# [SOLVED] Can poor power supply cause performance loss?



## u551 (Sep 6, 2007)

I built this computer from leftover parts like a week ago, and its running fine without any shutdowns, reboots, bsods, etc. However I'm getting very low fps on some games (like CSS, COD2 etc), that I think should work way better even with craprig like this.

Can't figure any reason for this except the fact that I'm not sure about the power supply, which I got from a friend. The PSU has absolutely no stickers or text so I got no idea about brand or wattage (except that the friend said its 250W, which I doubt).

I've heard that lack of power could cause overheating, which then could result in system lowering its performance to maintain state of coolness. This aint the case. I've monitored cpu and gpu temperatures while playing and they never get too high (cpu, AthlonXP2800+, stays under 50c and gpu, radeonx800pro, under 35c).

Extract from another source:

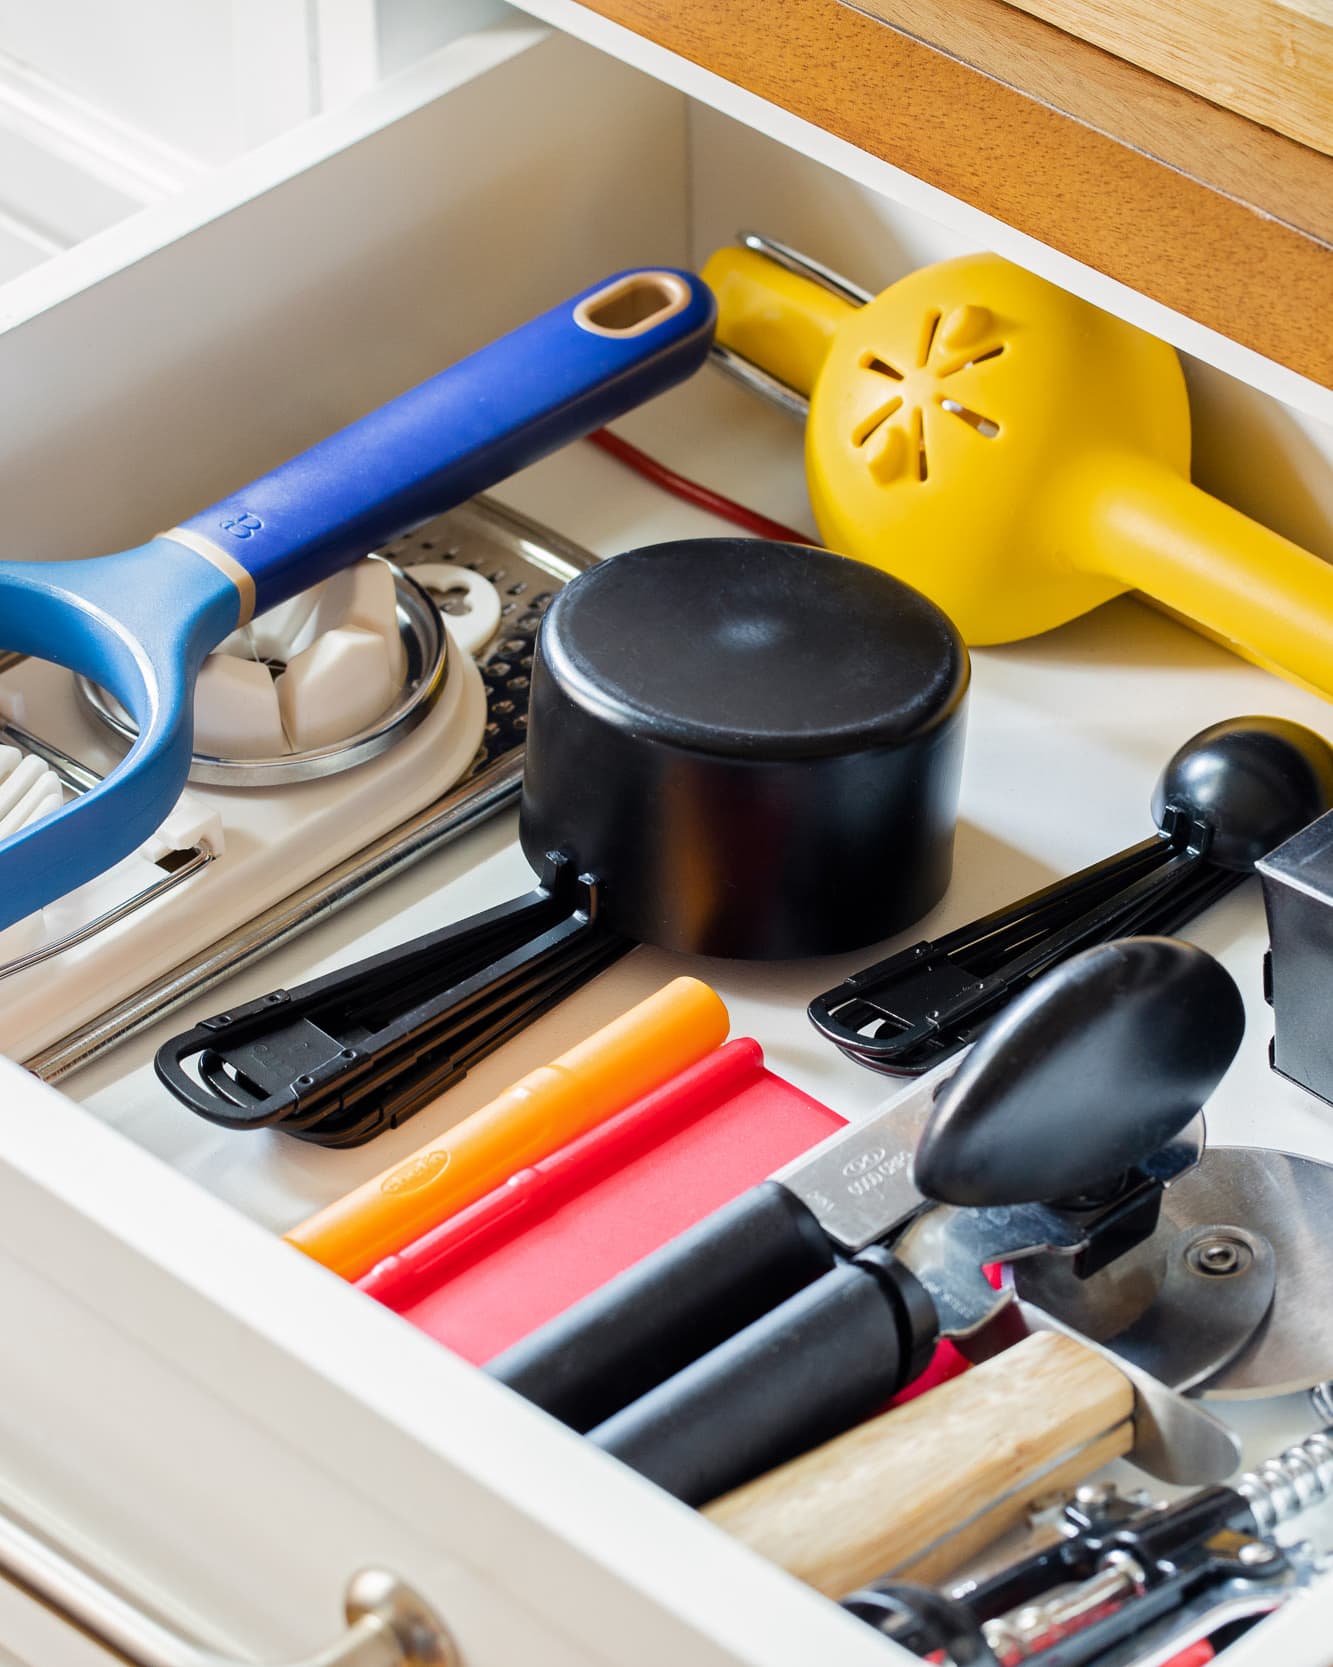 Organizing Secrets from a Manhattan Design Guru  Junk drawer organizing,  Declutter your home, Organization hacks

Is it possible that inefficient PSU would cause performance loss in some other way?


----------



## blackduck30 (Sep 7, 2004)

*Re: Can poor power supply cause performance loss?*

well to start with I think the x800pro requires a 300W+ power supply so you are behind the 8 ball to start with if you do indeed have a 250W unit. I think that could very well be one of the main factors of your poor performance, sort of like running a 12V battery drill with a 9V battery, the drill is still going turn but not like it is supposed to.
The other factor to consider is also if it is a generic power supply it will not be putting out anywhere near what it is supposed to and then you factor age into it and it is producing even less.
ATI say 300W min, I would be considering 400 to 450W and then from a respectable manufacturer


----------



## u551 (Sep 6, 2007)

*Re: Can poor power supply cause performance loss?*

I bought new 400W power but it has 24pin ATX connector and motherboard has 20pin thing. I know I could get an adapter for this, but it's raining outside at the moment and the connector fits the socket, just has the 4 pins left over. Is it dangerous to turn the power on like this? Do I need the adapter?


----------



## speedster123 (Oct 18, 2006)

*Re: Can poor power supply cause performance loss?*

BlackDuck is correct, a weak supply could very well cause performance loss.
You can use that supply with the pins overhanging.


----------



## u551 (Sep 6, 2007)

*Re: Can poor power supply cause performance loss?*

Succesfully installed the new psu and some ram. Didn't notice much performance boost but this one is much quieter than the old, which btw WAS 250watts (found small carving on it). Thank you both for help.


----------



## speedster123 (Oct 18, 2006)

*Re: Can poor power supply cause performance loss?*

Come back again
:wave:


----------



## linderman (May 20, 2005)

I have seen gamers pick up twice as many FPS (frames per second) when upgrading to a good high quality PSU when they were using a junker


same with the cpu .... if it doesnt get enough power it will heat up from low amperage resistance which will put the cpu in a throttle back safety situtation


----------